Oh, also, how about running tcpdump while you try to ping the machine from
the Internet?

Please don't edit the results as you may be editing out some key
information!

Simon

 
 
 

Cannot access Red Hat 7.2 from the Internet

Post by Brian » Sat, 09 Feb 2002 05:34:43



> I am running a web server (Apache, of course) and FTP server on a
> Linux 7.2 box from a DMZ line on a Sonicwall through a Cisco router.

> The problem is, I cannot reach the box from outside of my building.  
> The entire network inside my building can see the HTTP site and FTP
> just fine while *inside* my building by IP and by my remote DNS
> Server.

> I cannot ping the ip (request timed out), cannot connect through FTP,
> cannot connect thought HTTP, cannot connect though another port while
> *outside* the building.

> The Linux box has two network cards one that goes to the DMZ and the
> other is on the internal network.  The IP address that is assigned to
> the DMZ line is a resolvable public address.  I have assigned the eth0
> (the dmz line) as non-dhcp and assigned it the proper, IP, Subnet
> Mask, and Default Gateway Address.

> I have turned off ipchains and reset iptables to the default ACCEPT
> policy.

> I really wanted to blame the Sonicwall and the router. The reason I
> think the problem lies within Linux is because I have Apache running
> on my windows box and I connected the DMZ line up to it.  I set all
> the correct information (ip, subnet, default gateway) and IT WORKED!
> It even worked for a few days.

> I have checked  /etc/host.allow and /etc/host.deny and the files are
> empty.

> I have also ran tcpdump and had someone try to get to the http site.
> I can see the requests coming in on tcpdump, but they cannot see the
> server.

> I have searched the groups for many days and found very little that
> relates to my experience or situation.  If anyone out there can help
> it would be very appreciated.

> brett

Brett,
I would check your "rules" setup in the sonicwall firewall.  By
default, from the LAN you should be able to get to the DMZ and the
Internet with no problems, but from the WAN, you may not be allowing
FTP, Telnet, Ping, etc from the outside world.


Brian W.

 
 
 

Cannot access Red Hat 7.2 from the Internet

Post by Bret » Thu, 14 Feb 2002 04:00:08




> someone has mentioned that the outgoing
> > packets could be misdirected to the other network card.  I have set up
> > a rule in the ipchains that the Srcdev is Eth0 and the DstDev is Eth0.
> > Are there any changes that i am missing?

> Not sure what you are saying here.
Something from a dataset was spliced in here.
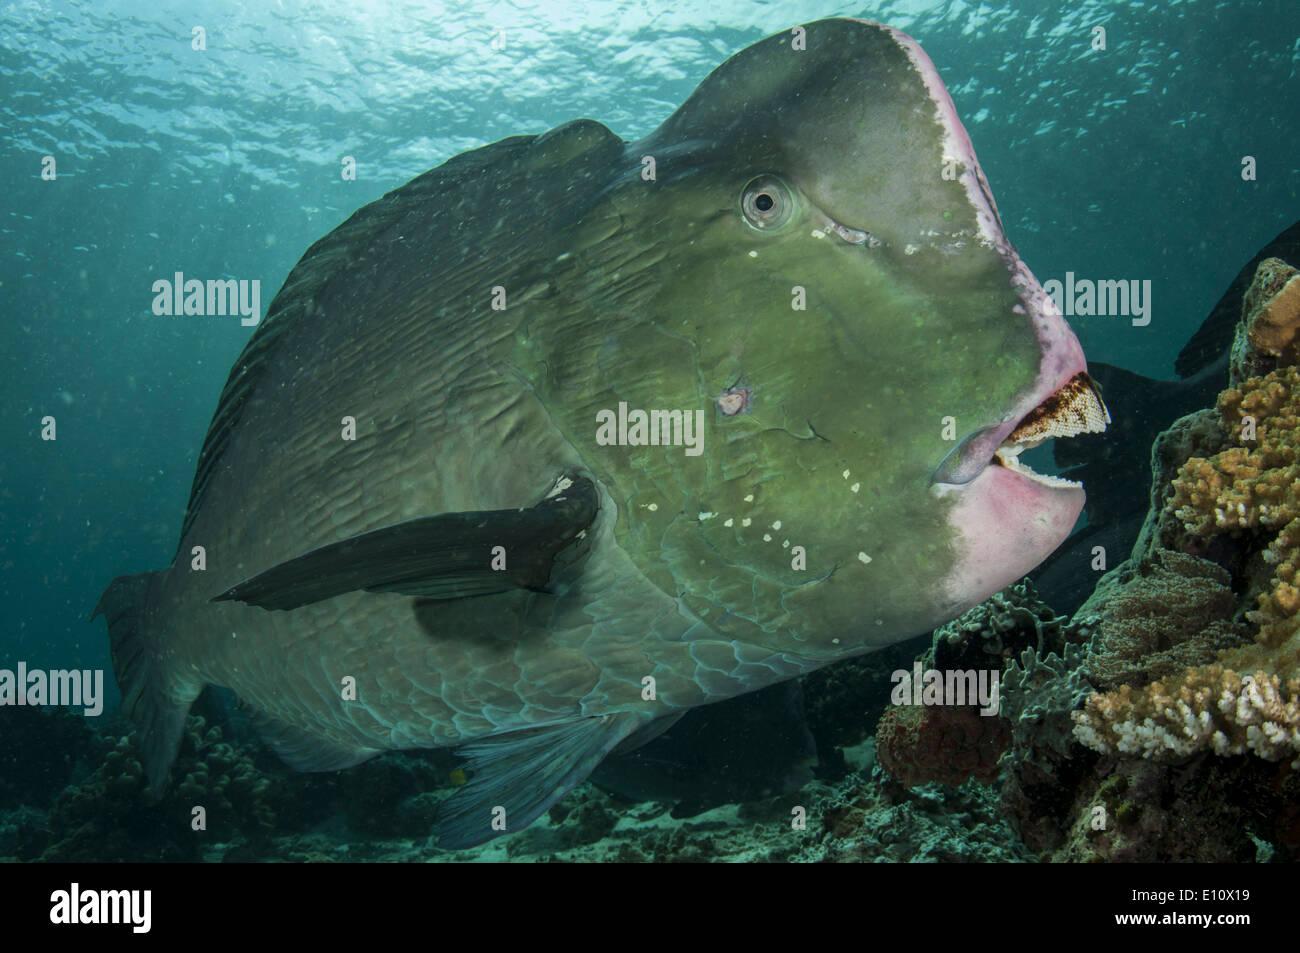 Humphead parrotfish, Malaysia Sipdan island (Bolbometopon muricatum) Stock Photo
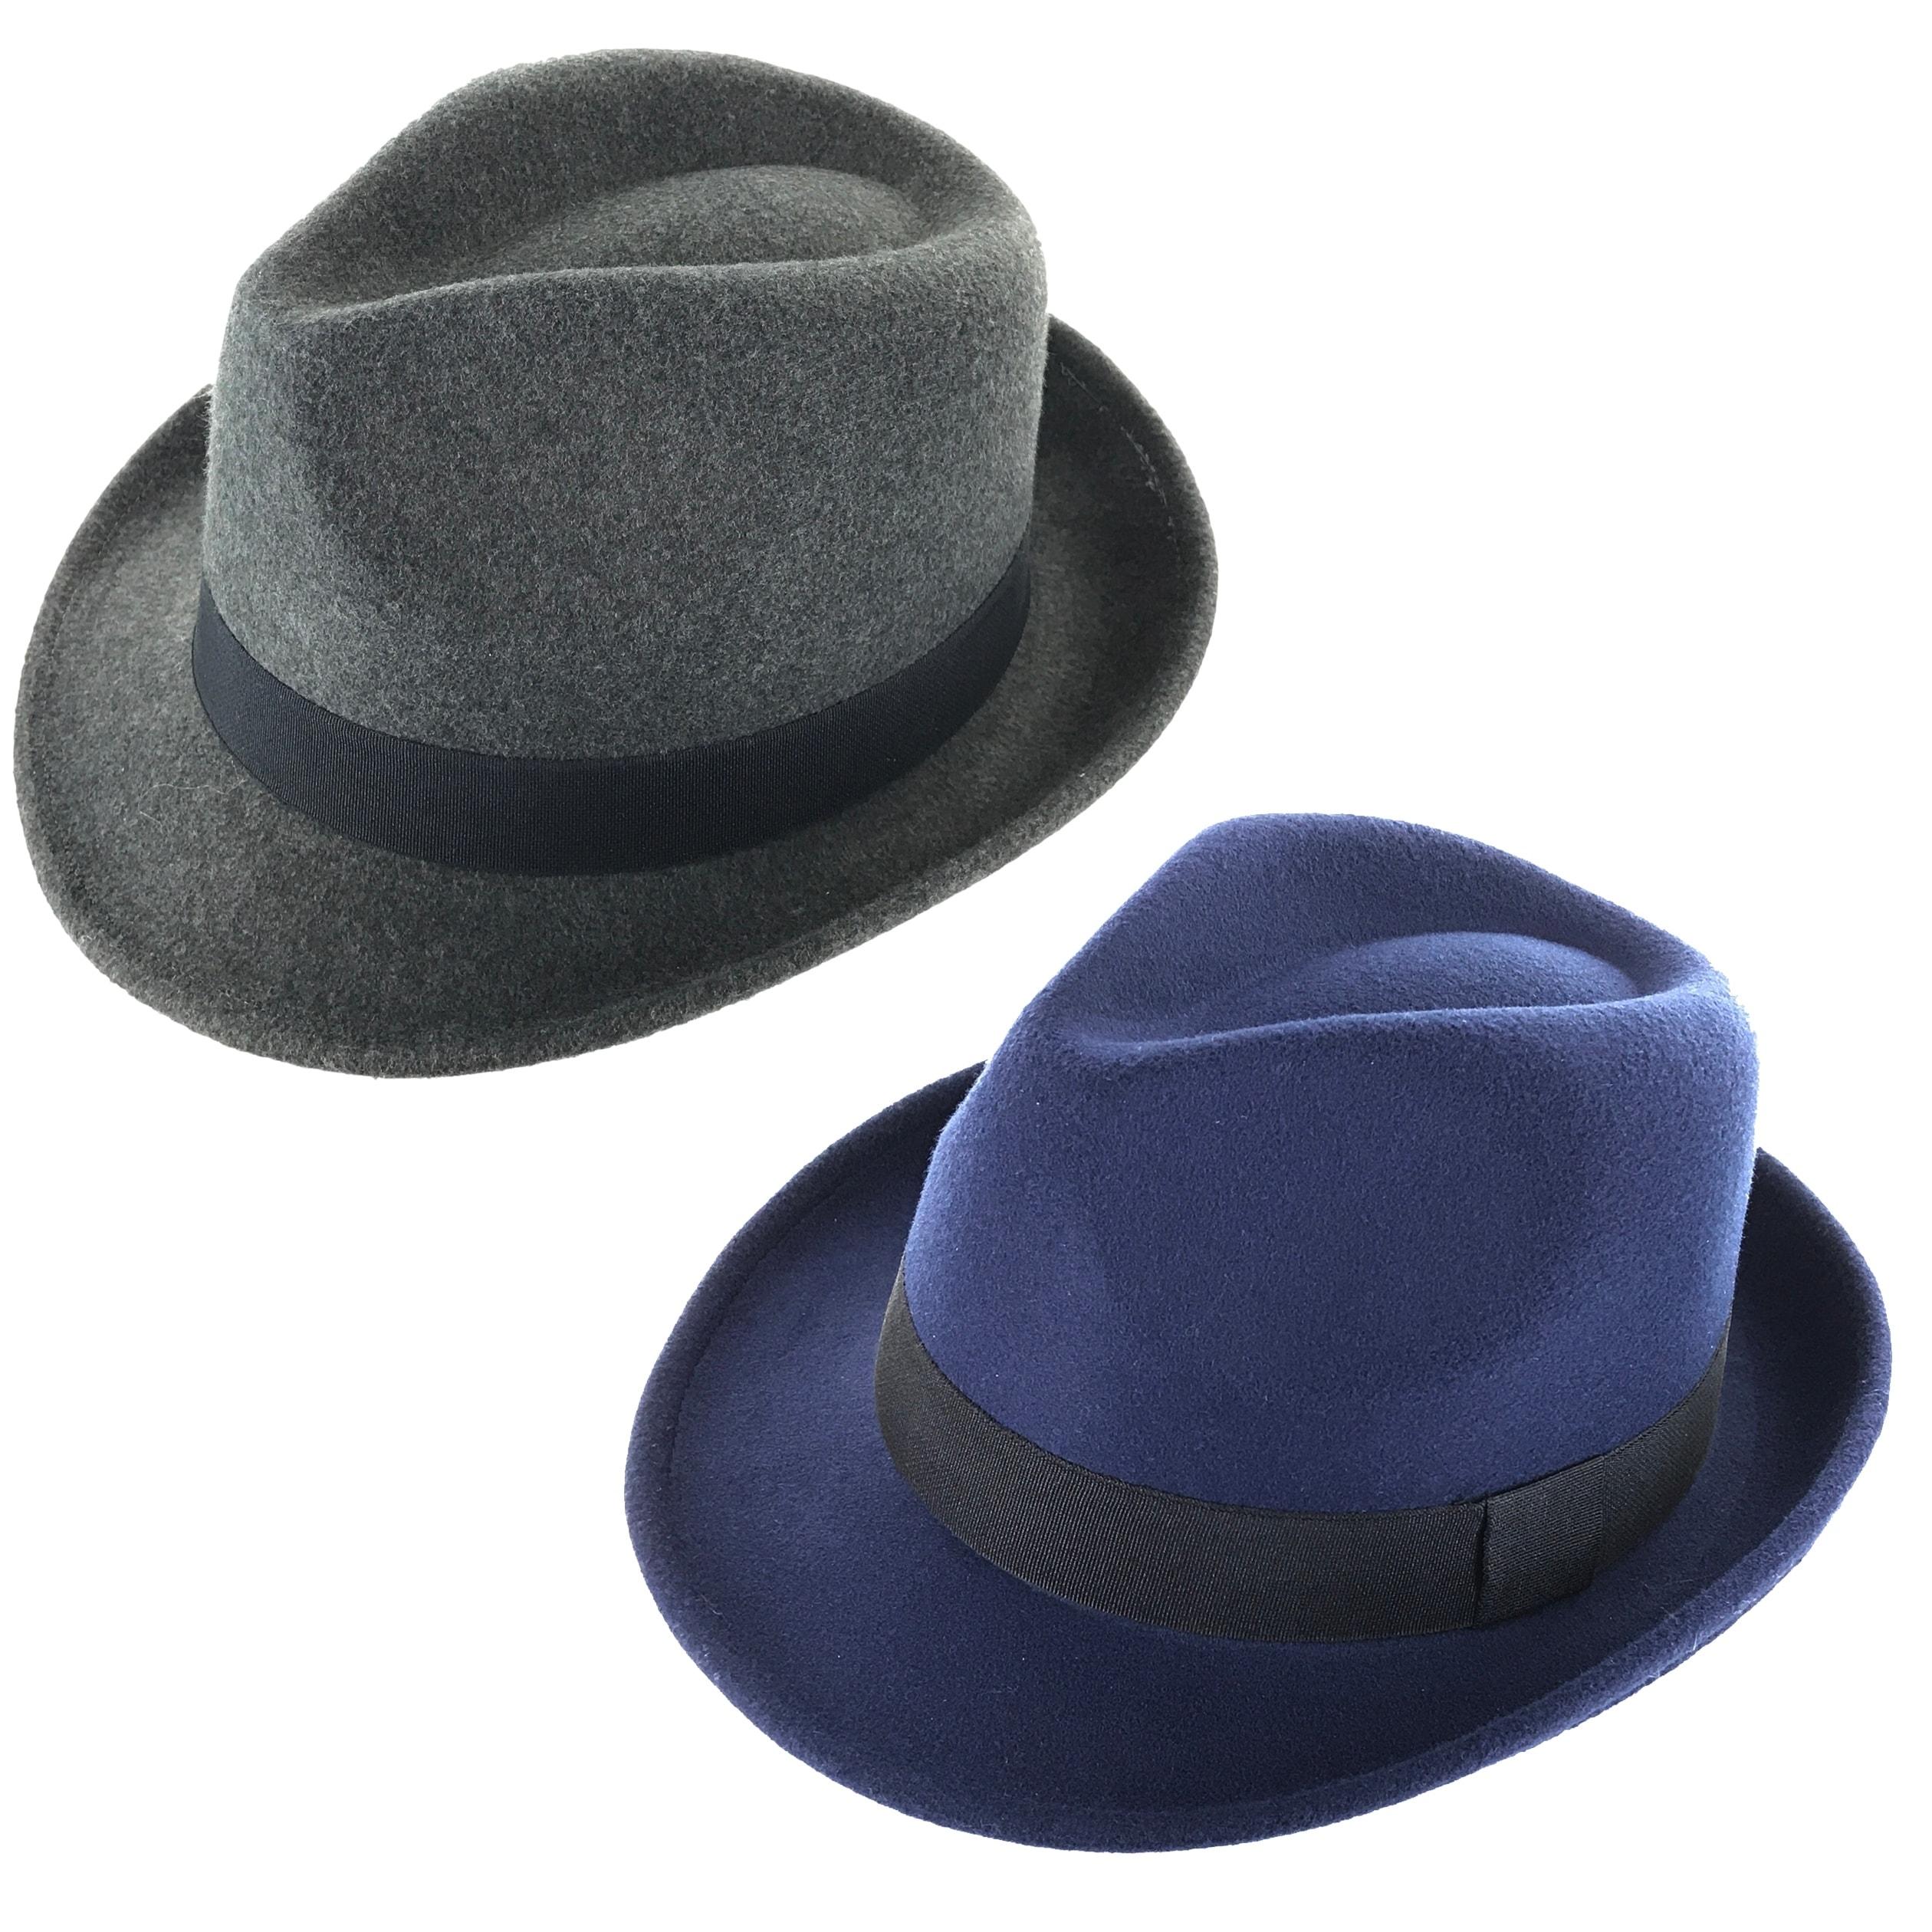 Shop Faddism Classic Velvet Cuban Style Short Brim Fedora Hat - Free ... e9be0cfd122

Perhaps you should post the results of:
> /sbin/ipchains -l -v -n
> /sbin/ipconfig
> netstat -rn

> Oh, also, how about running tcpdump while you try to ping the machine from
> the Internet?

> Please don't edit the results as you may be editing out some key
> information!

> Simon

Okay here are the results of netstat -rn

Kernel IP routing table
Destination     Gateway         Genmask         Flags   MSS Window
irtt Iface
66.89.110.0     0.0.0.0         255.255.255.240 U        40 0        
0 eth0
90.0.0.0        0.0.0.0         255.255.255.0   U        40 0        
0 eth1
127.0.0.0       0.0.0.0         255.0.0.0       U        40 0        
0 lo
0.0.0.0         90.0.0.1        0.0.0.0         UG       40 0        
0 eth1
0.0.0.0         66.89.110.1     0.0.0.0         UG       40 0        
0 eth0

Results of ifconfig

eth0      Link encap:Ethernet  HWaddr 00:04:5A:62:16:BD  
          inet addr:66.89.110.13  Bcast:66.89.110.15
Mask:255.255.255.240
          UP BROADCAST RUNNING MULTICAST  MTU:1500  Metric:1
          RX packets:0 errors:0 dropped:0 overruns:0 frame:0
          TX packets:0 errors:1561 dropped:0 overruns:0 carrier:3122
          collisions:0
          RX bytes:0 (0.0 b)  TX bytes:0 (0.0 b)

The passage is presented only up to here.